Discovering Pathways by Orienting Edges in Protein Interaction Networks

Anthony Gitter, Judith Klein-Seetharaman, Anupam Gupta, and Ziv Bar-Joseph

Predicted pathways that have been biologically validated.  Click for details

Abstract

Modern experimental technology enables the identification of the sensory proteins that interact with the cells’ environment or various pathogens. Expression and knockdown studies can determine the downstream effects of these interactions. However, when attempting to reconstruct the signaling networks and pathways between these sources and targets, one faces a substantial challenge. Although pathways are directed, high-throughput protein interaction data is undirected.
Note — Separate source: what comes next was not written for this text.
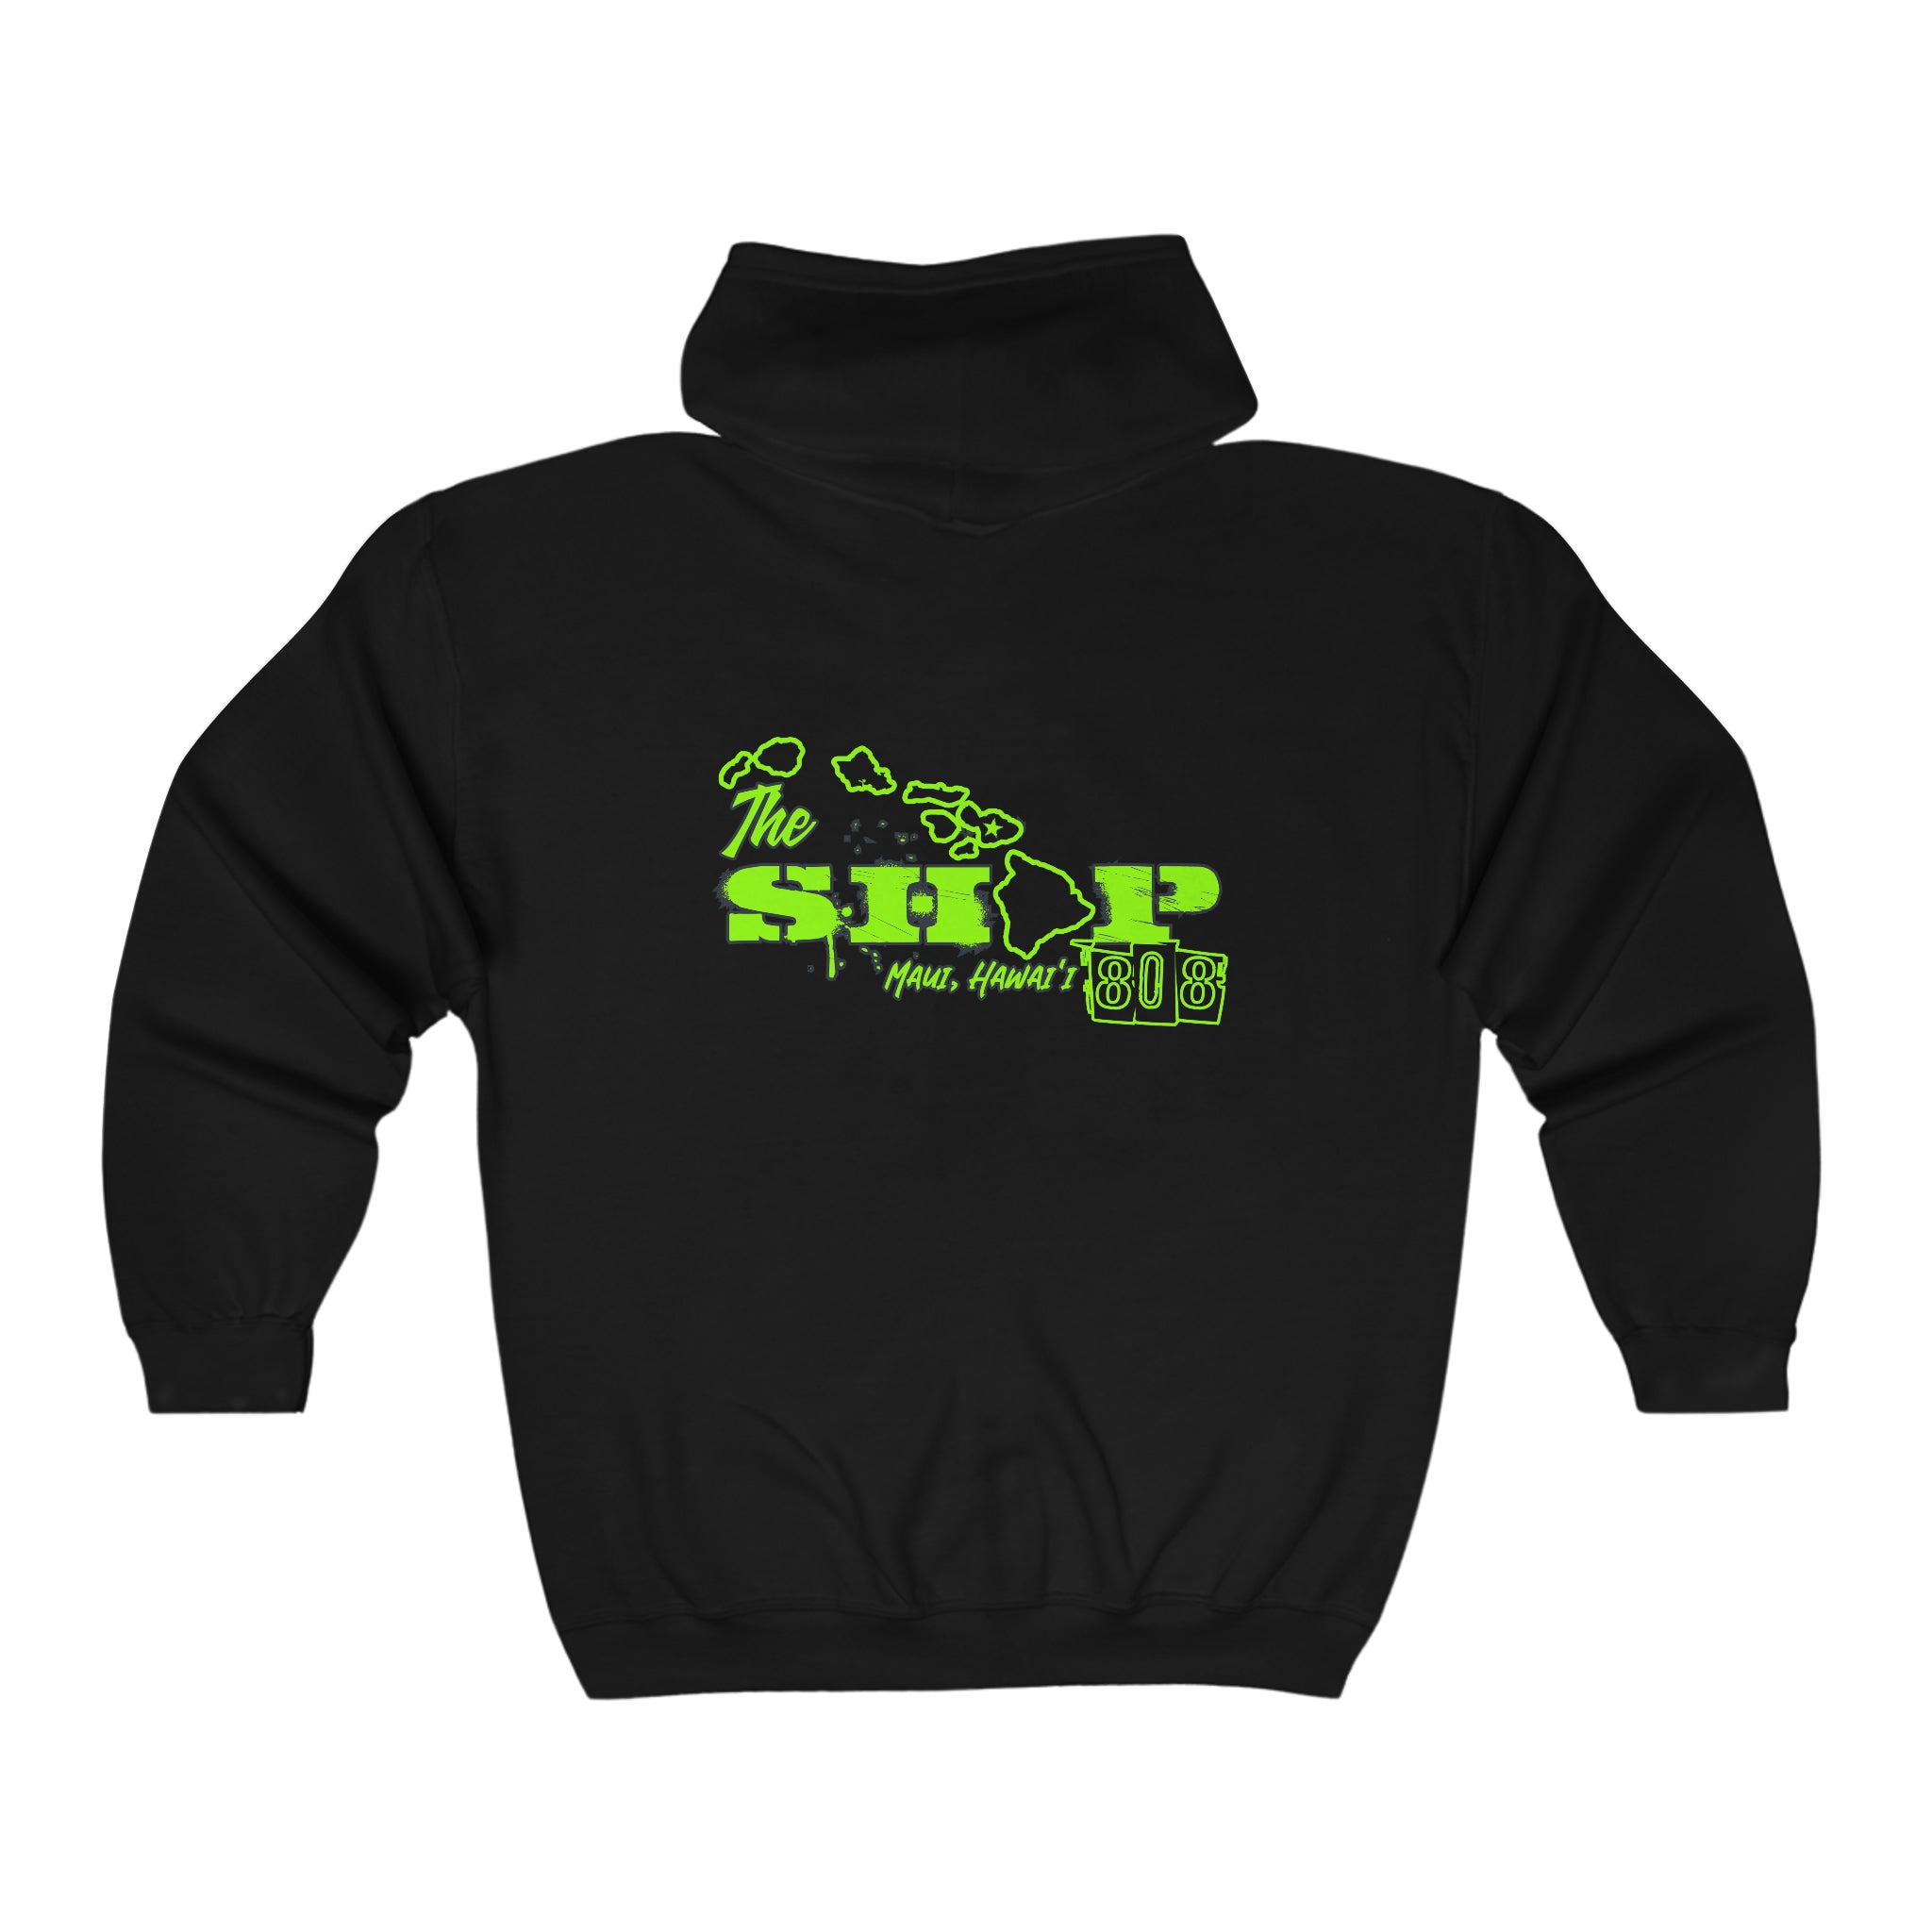 The Shop 808 Full Zip Hooded Sweatshirt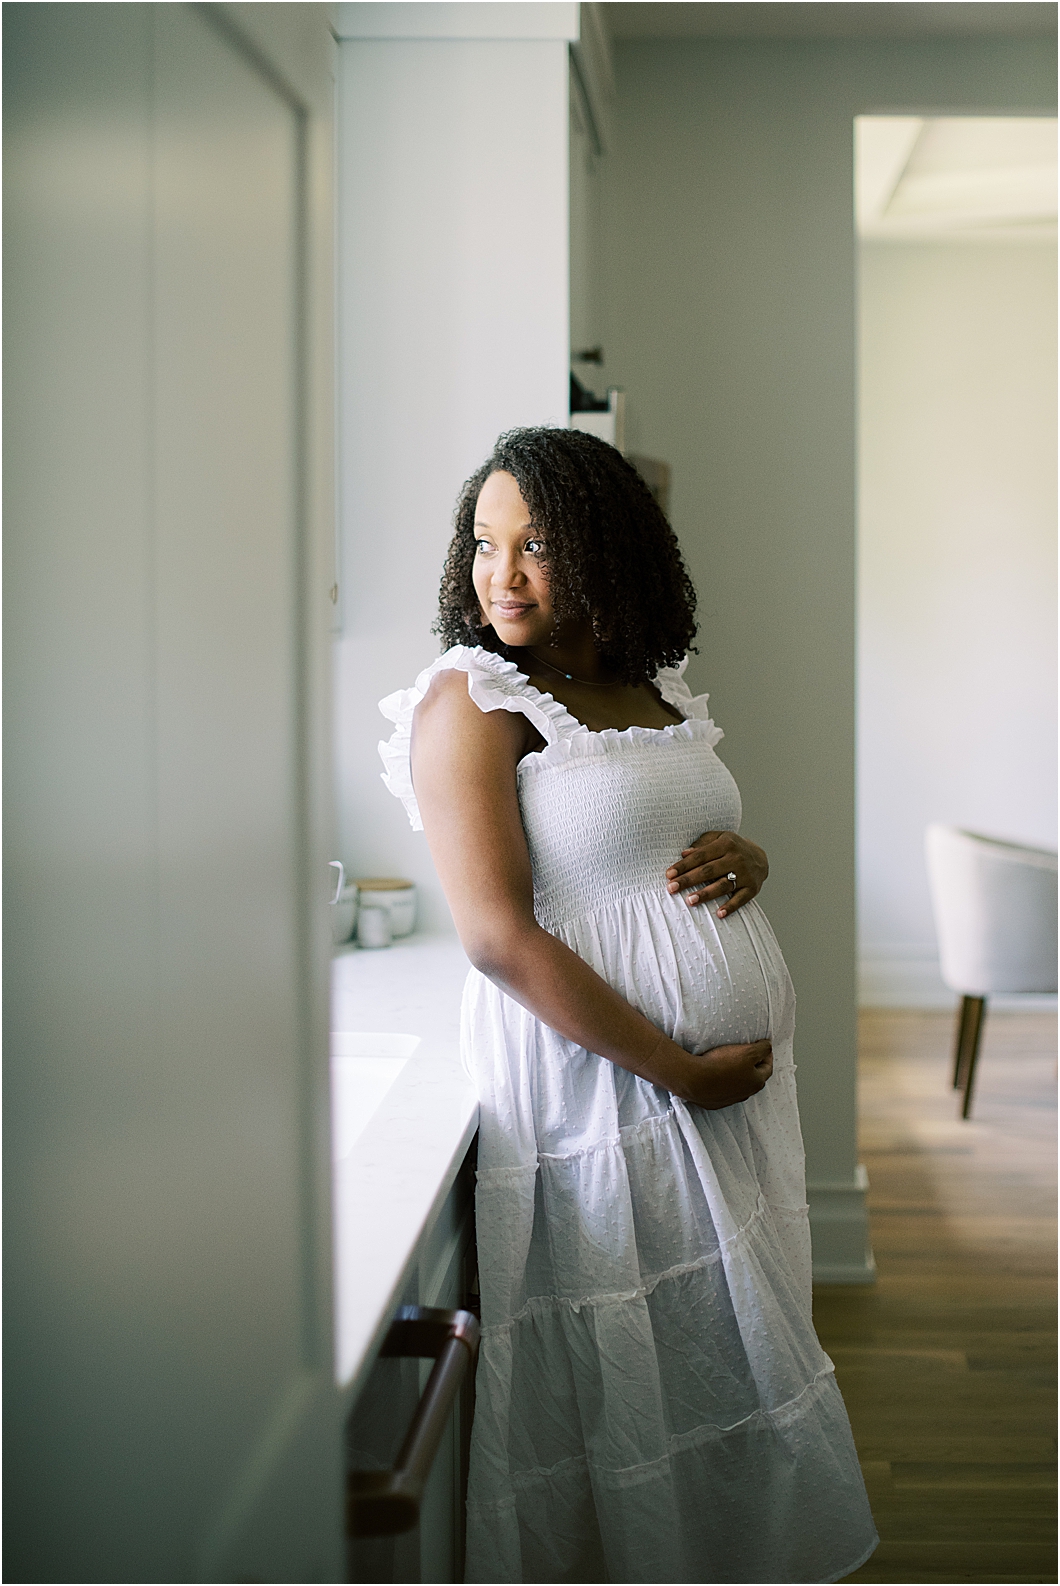 Maternity Photos at Home | Charlotte North Carolina Photographer

In order to utilize the available data, we need methods that can orient protein interaction edges and discover high-confidence pathways that explain the observed experimental outcomes. We formalized the orientation problem in weighted protein interaction graphs as an optimization problem and present three approximation algorithms based on either weighted Boolean satisfiability solvers or probabilistic assignments. We used these algorithms to identify pathways in yeast. Our approach recovers twice as many known signaling cascades as a recent unoriented signaling pathway prediction technique and over thirteen times as many as an existing network orientation algorithm. The discovered paths match several known signaling pathways and suggest new mechanisms that are not currently present in signaling databases. For some pathways, including the pheromone signaling pathway and the high osmolarity glycerol pathway, the method suggests interesting and novel components that extend current annotations.